When the average thickness is 30 μm or more, the strength of the cured product (sintered precursor) of the powder (layer) formed by applying the first modeling liquid and the second modeling liquid to the powder is sufficient. If the particle size is 500 μm or less, the powder formed by applying the first modeling liquid and the second modeling liquid to the powder does not cause problems such as deformation during subsequent processing such as sintering or handling. (layer) improves the dimensional accuracy of the cured product.
The average thickness is not particularly limited and can be measured according to a known method.

The method of applying the first modeling liquid and the second modeling liquid to the powder (layer) is not particularly limited and can be appropriately selected according to the purpose. method, etc.
Among these, the dispenser method is excellent in the amount of droplets, but the application area is narrow. The quantification is poor, and powder scattering occurs due to the spray flow. Therefore, the inkjet method is particularly preferable in the present invention. The ink jet method is preferable in that it has the advantage that the droplets can be quantified better than the spray method, the application area can be widened compared to the dispenser method, and complicated three-dimensional shapes can be formed with high accuracy and efficiency.
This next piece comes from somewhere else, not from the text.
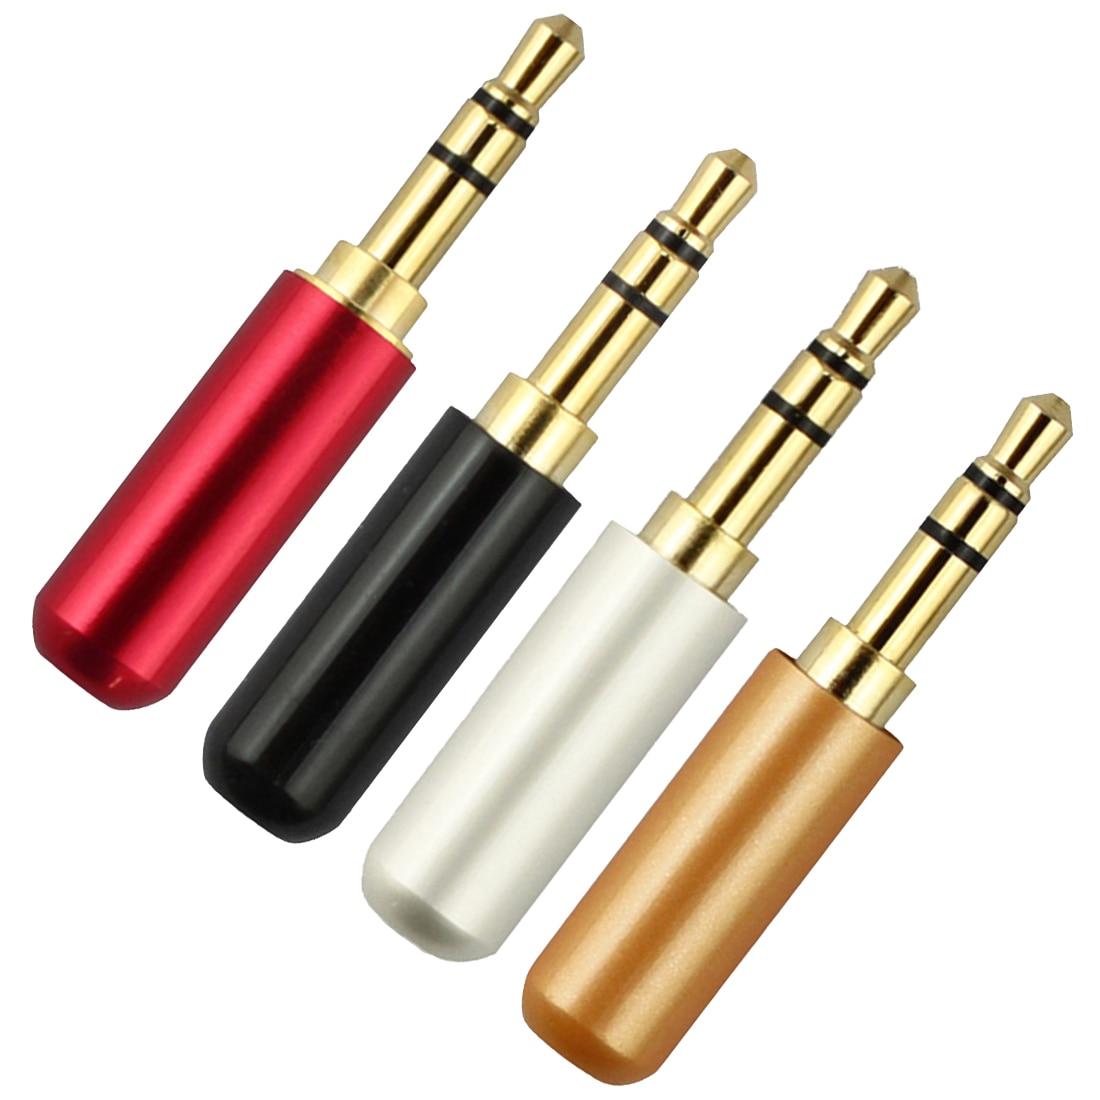 mini stereo jack plug 3 poles male plug aluminum. Black Bedroom Furniture Sets. Home Design Ideas

In the case of the inkjet method, the modeling liquid application means has a nozzle capable of applying the modeling liquid to the powder layer by the inkjet method. As the nozzle, a nozzle (ejection head) of a known inkjet printer can be suitably used, and an inkjet printer can be suitably used as the modeling liquid application means. In addition, as an inkjet printer, for example, SG7100 manufactured by Ricoh Co., Ltd. is preferably used. Inkjet printers are preferable in that the amount of the modeling liquid that can be dropped from the head portion at one time is large and the application area is wide, so that the speed of application can be increased.
In the present invention, even when an inkjet printer capable of applying the first modeling liquid and the second modeling liquid with high accuracy and high efficiency is used, the first modeling liquid and the second modeling liquid are particles. Since it does not contain solids such as resins and high-viscosity materials such as resins, clogging does not occur in the nozzle or its head, corrosion does not occur, and it is applied to the powder layer ( When discharged), it can efficiently penetrate into the organic material in the powder, so it is excellent in the production efficiency of the three-dimensional model, and moreover, it does not add polymer components such as resin, so it is not expected to increase in volume. It is advantageous in that a cured product with good dimensional accuracy can be obtained easily and efficiently in a short period of time.

<Cured product forming step>
The cured product forming step is a step of curing the powder applied with the first modeling liquid and the second modeling liquid to form a cured product, and is carried out by the cured product forming means.
The term "cured product" means a structure in which the first modeling liquid and the second modeling liquid react and become non-fluid, thereby maintaining a certain three-dimensional shape.

As a method of curing the powder to which the first modeling liquid and the second modeling liquid are applied to form a cured product, for example, a method of curing at room temperature is preferable, specifically, at 25° C. for 24 hours. A method of letting go, etc.
In the method for producing a three-dimensional object of the present invention, curing is performed at room temperature, so that the monomers in the first and second modeling liquids evaporate and fix the non-modeling portions to which the modeling liquid is not applied. can be prevented. In addition, since it has sufficient reactivity even at room temperature, it is possible to prevent the modeling liquid from leaking out in the direction opposite to the stacking direction (Z direction) and lowering the dimensional accuracy in the Z direction.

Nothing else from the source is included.